At the other end of the size scale, South Seas Island Resort on Captiva Island is a gated property that features accommodation ranging from rooms to homes, a nine-hole golf course and miles of beach. Fishing types will love Jensen’s Twin Palm Cottages & Marina on Captiva. Sanibel Island offers a nice selection of barefoot-style beach cottage resorts, such as Gulf Breeze Cottages, Castaways Beach & Bay Cottages and Mitchell’s SandCastles. Also on Sanibel Island is the ’Tween Waters Inn Island Resort.
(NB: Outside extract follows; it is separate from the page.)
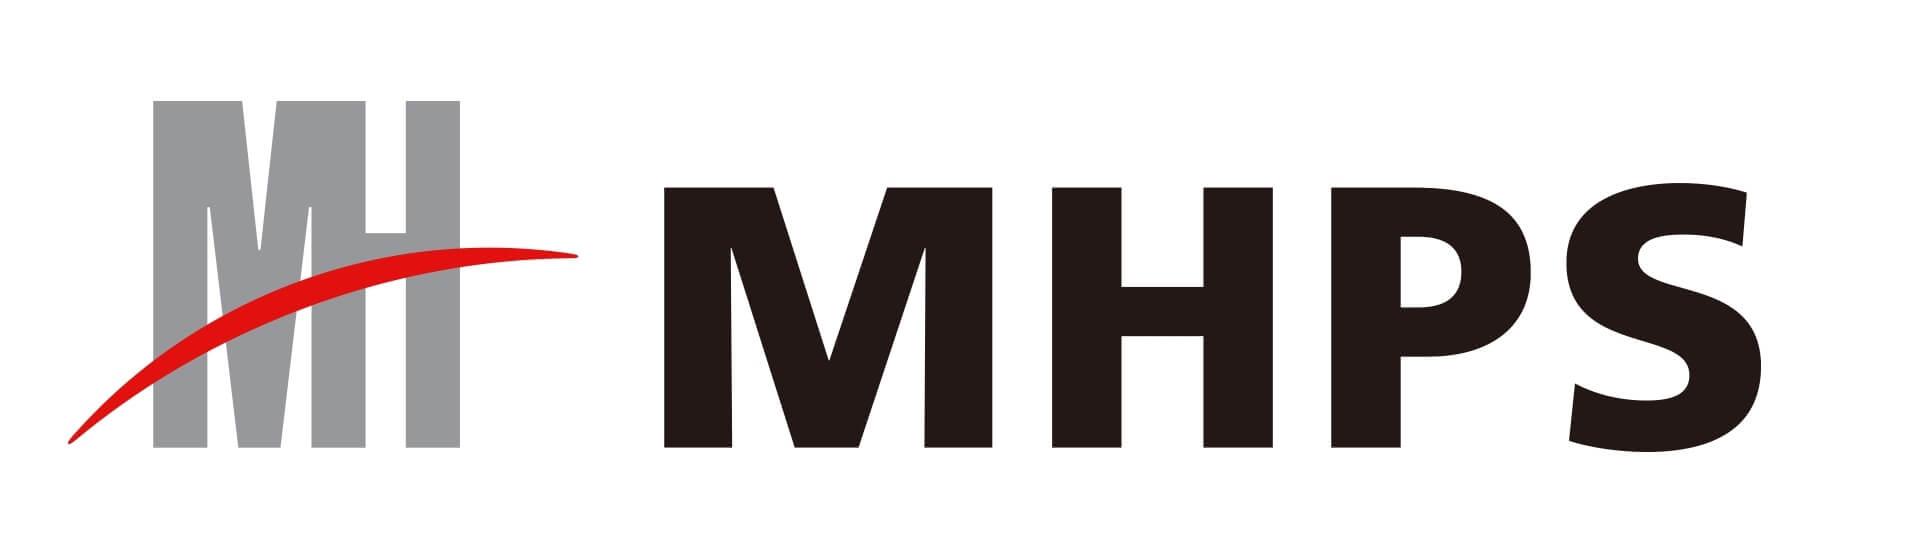 MHPS Logo
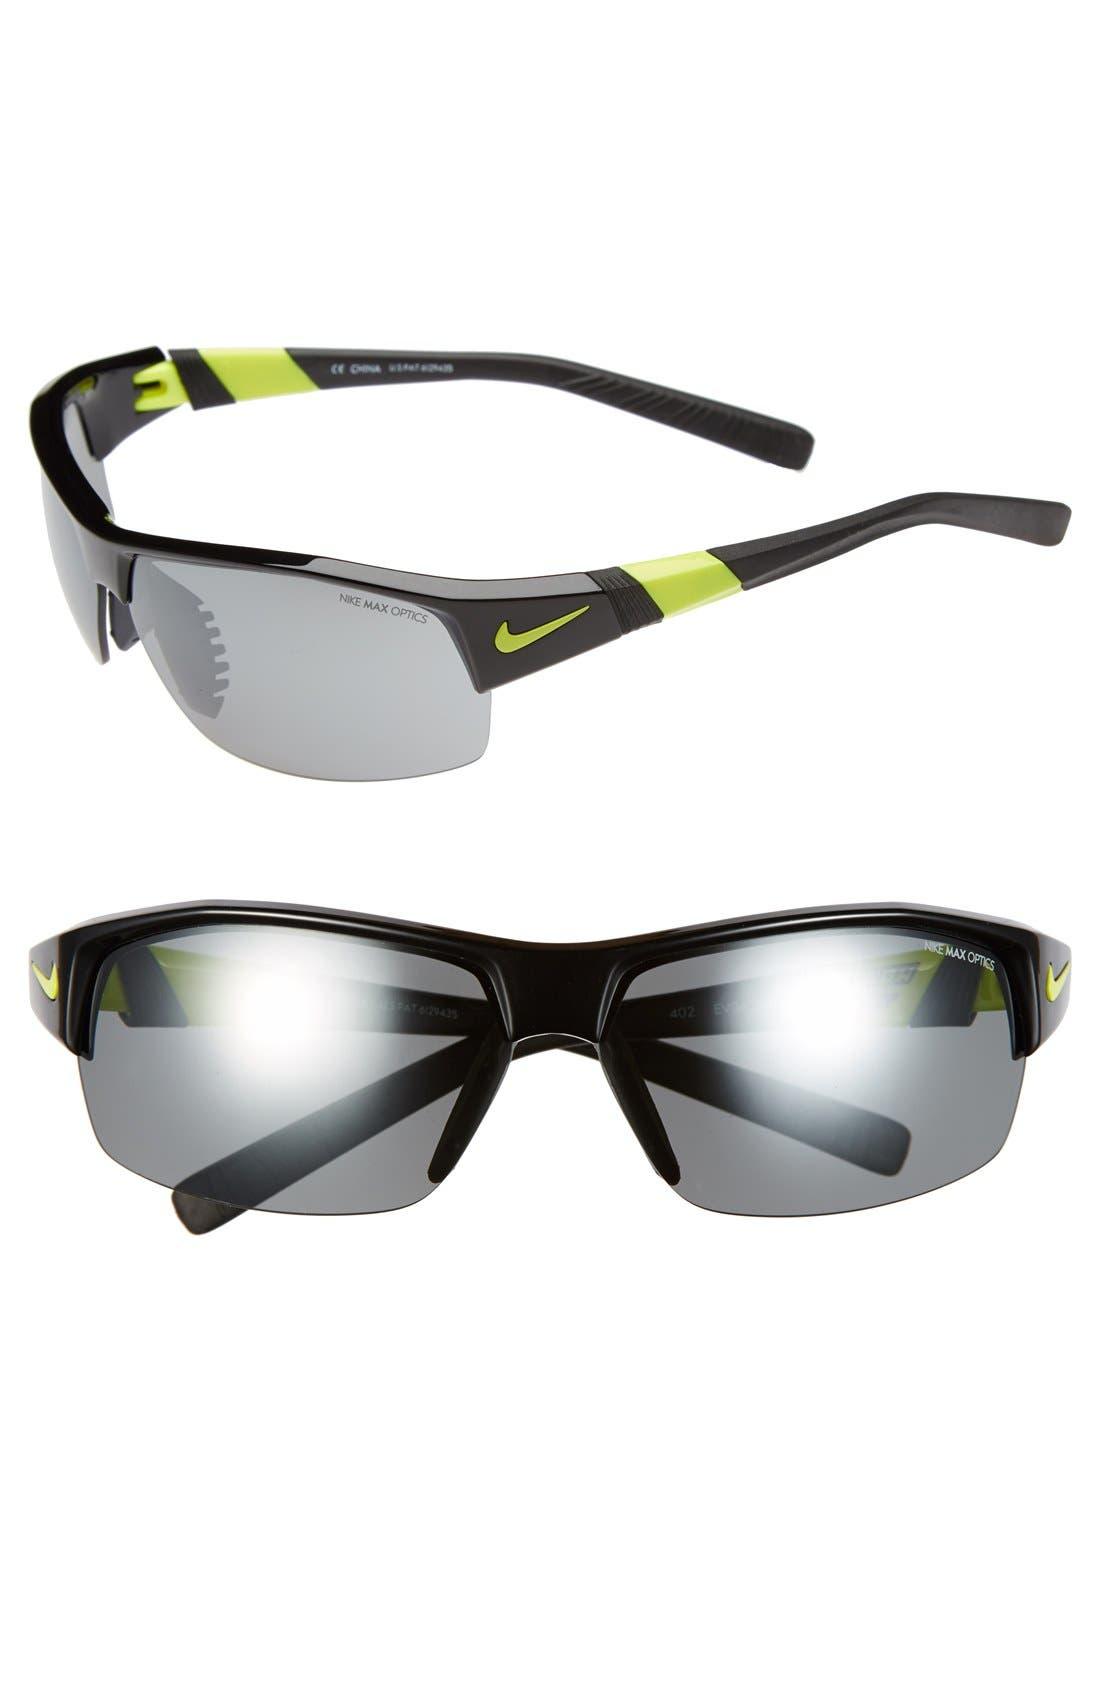 NIKE Show X2 Semi Rimless 69mm Sunglasses

Gasparilla Inn & Club in Boca Grande is one of the oldest surviving properties in Southwest Florida. Built in 1913 for wealthy industrialists who came to winter and fish for tarpon, this grande dame is a full-service property with golf facilities, a beach club and fine restaurants.

In the Sarasota area, lodging ranges from the no-frills beachfront rooms at Lido Beach Resort and A Beach Retreat in Nokomis to the grandeur of the Ritz-Carlton, which shuttles you to the beach. The Resort at Longboat Key Club is an expansive golf and beach property. For something out of the ordinary, venture downtown for congenial hospitality and a gourmet breakfast at the Cypress B&B.

For vacation home or condo rentals, contact Royal Shell Vacations, which manages more rental properties in Southwest Florida than any other company and has been voted the “Best Vacation Rental” company for the past 10 years.


Birders flock to Southwest Florida. Hot spots include the Everglades, Audubon Corkscrew Swamp Sanctuary, Rookery Bay National Estuarine Research Reserve, Tigertail Beach and J.N. “Ding” Darling National Wildlife Refuge. Birding is best fall through spring and at low tides. Ride your bike to the beaches of Sanibel Island to avoid fees.

Sarasota beaches offer free parking.

If a couple of days in Key West are on your itinerary, park the car and climb aboard the Key West Express in Fort Myers Beach (year-round) or on Marco Island (seasonal) for a relaxing 3.5-hour ride (versus a four- to five-hour drive) to Florida’s southernmost point.